“Oh, Fitz, lad, I didn’t mean it that way. It’s just that-”
“I said, no harm done, Blade. Let it go.”
“Good enough, sir,” he replied.
I nodded, and looked at Burrich to find him regarding me strangely. When I turned to exchange a puzzled glance with Hands, I met the same startlement on his face. I could not guess the reason.
“Well, good night to you, Sergeant. Don’t chide your man with the pike. He did well to stop strangers at Buckkeep’s gate.”
“Yes, sir. Good night, sir.” Blade gave me a rusty salute and the great wooden gates swung wide before us as we entered the keep. Sooty lifted her head and some of the weariness fell from her. Behind me, Hands’s horse whinnied softly and Burrich’s snorted. Never before had the road from the keep wall to the stables seemed so long. As Hands dismounted, Burrich caught me by the sleeve and held me back. Hands greeted the drowsy stable boy who appeared to light our way.

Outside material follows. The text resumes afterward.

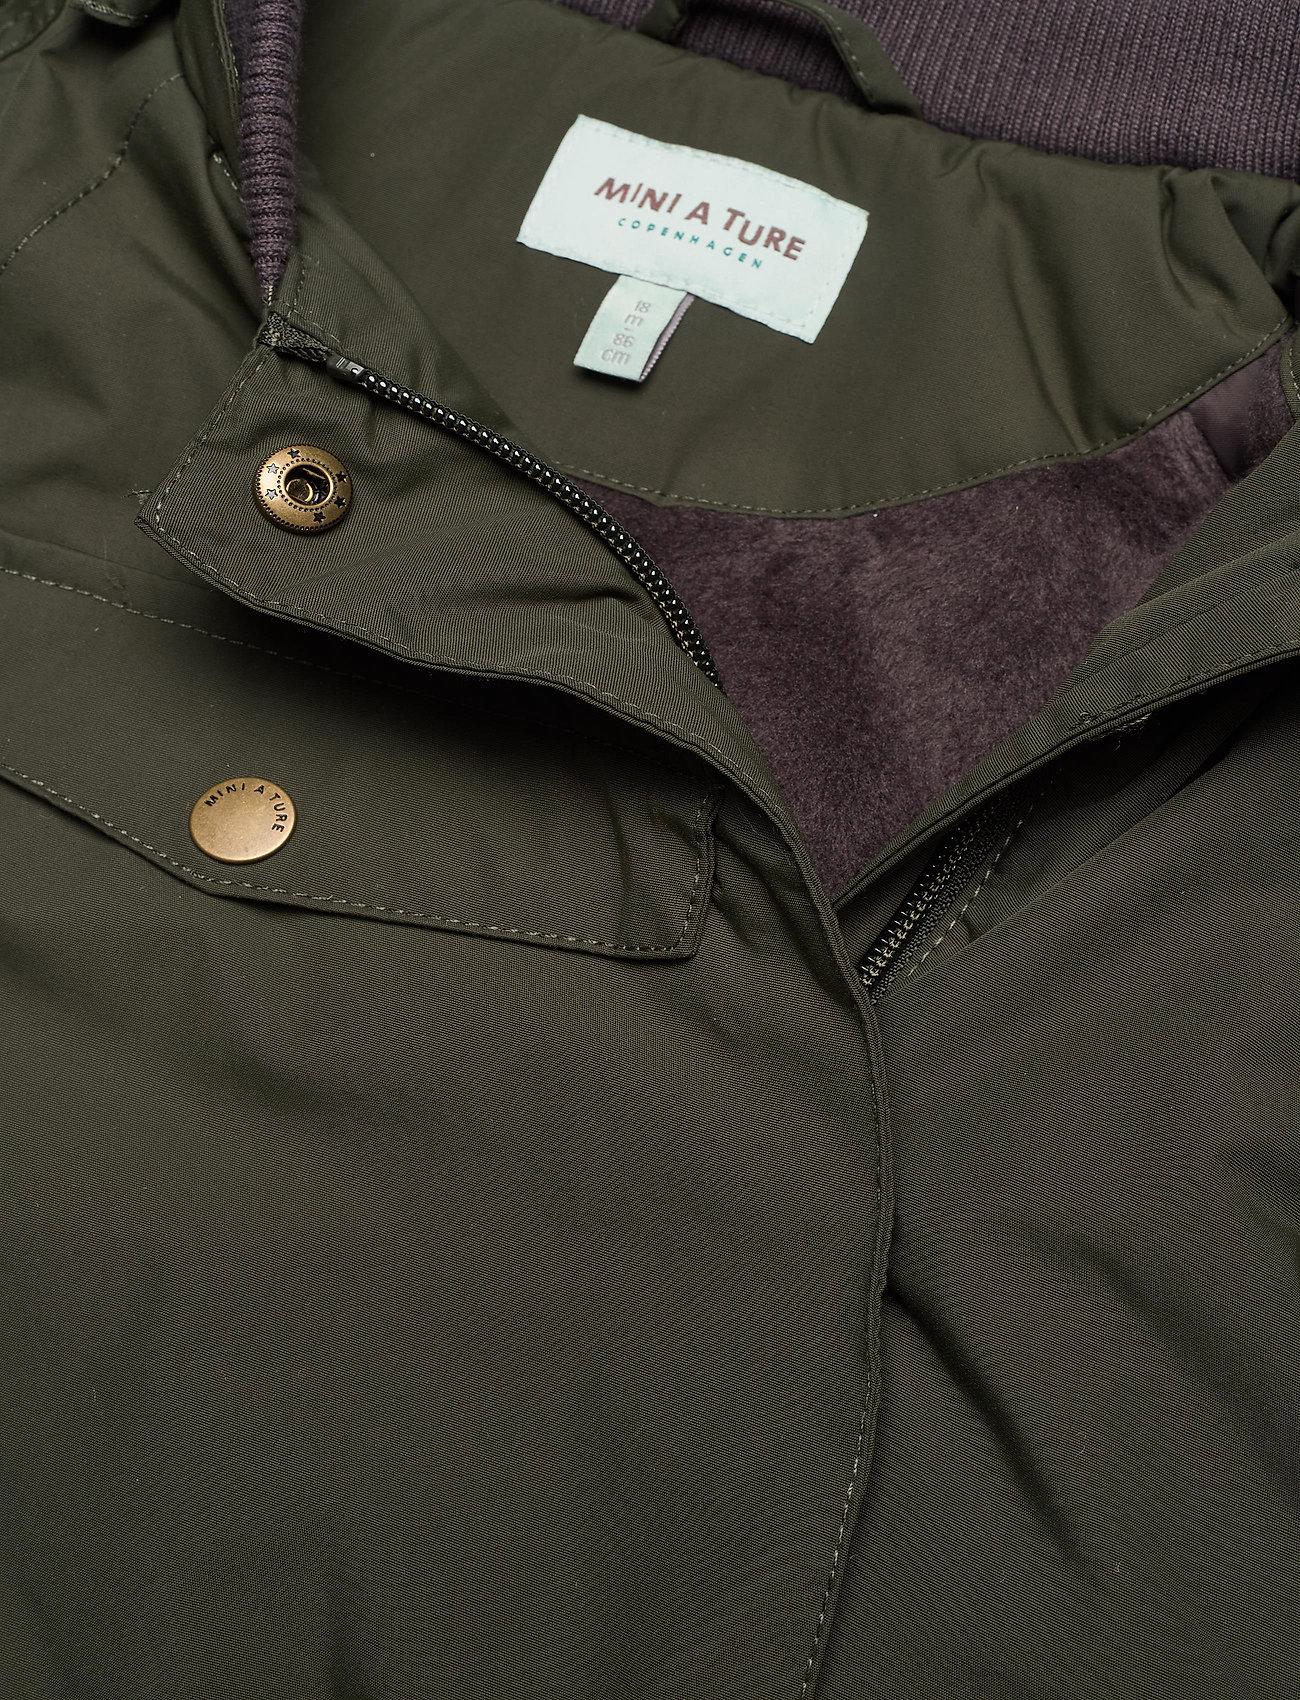 Mini A Ture - Wang Fake Fur Jacket, M - winter jacket - deep depths - 0

“We’ve been some time in the Mountain Kingdom, Fitz,” Burrich cautioned me in a low voice. “Up there, no one cares what side of the sheets you were born on. But we’re home now. Here, Chivalry’s son is not a Prince, but a bastard.”
“I know that.” I was stung by his directness. “I’ve known it all my life. Lived it all my life.”
“You have,” he conceded. A strange look stole over his face, a smile half-incredulous and half-proud. “So why are you demanding reports of the sergeant, and giving out commendations as briskly as if you were Chivalry himself? I scarce believed it, how you spoke, and how those men came to heel. You didn’t even take notice of how they responded to you, you didn’t even realize you’d stepped up and taken command away from me.”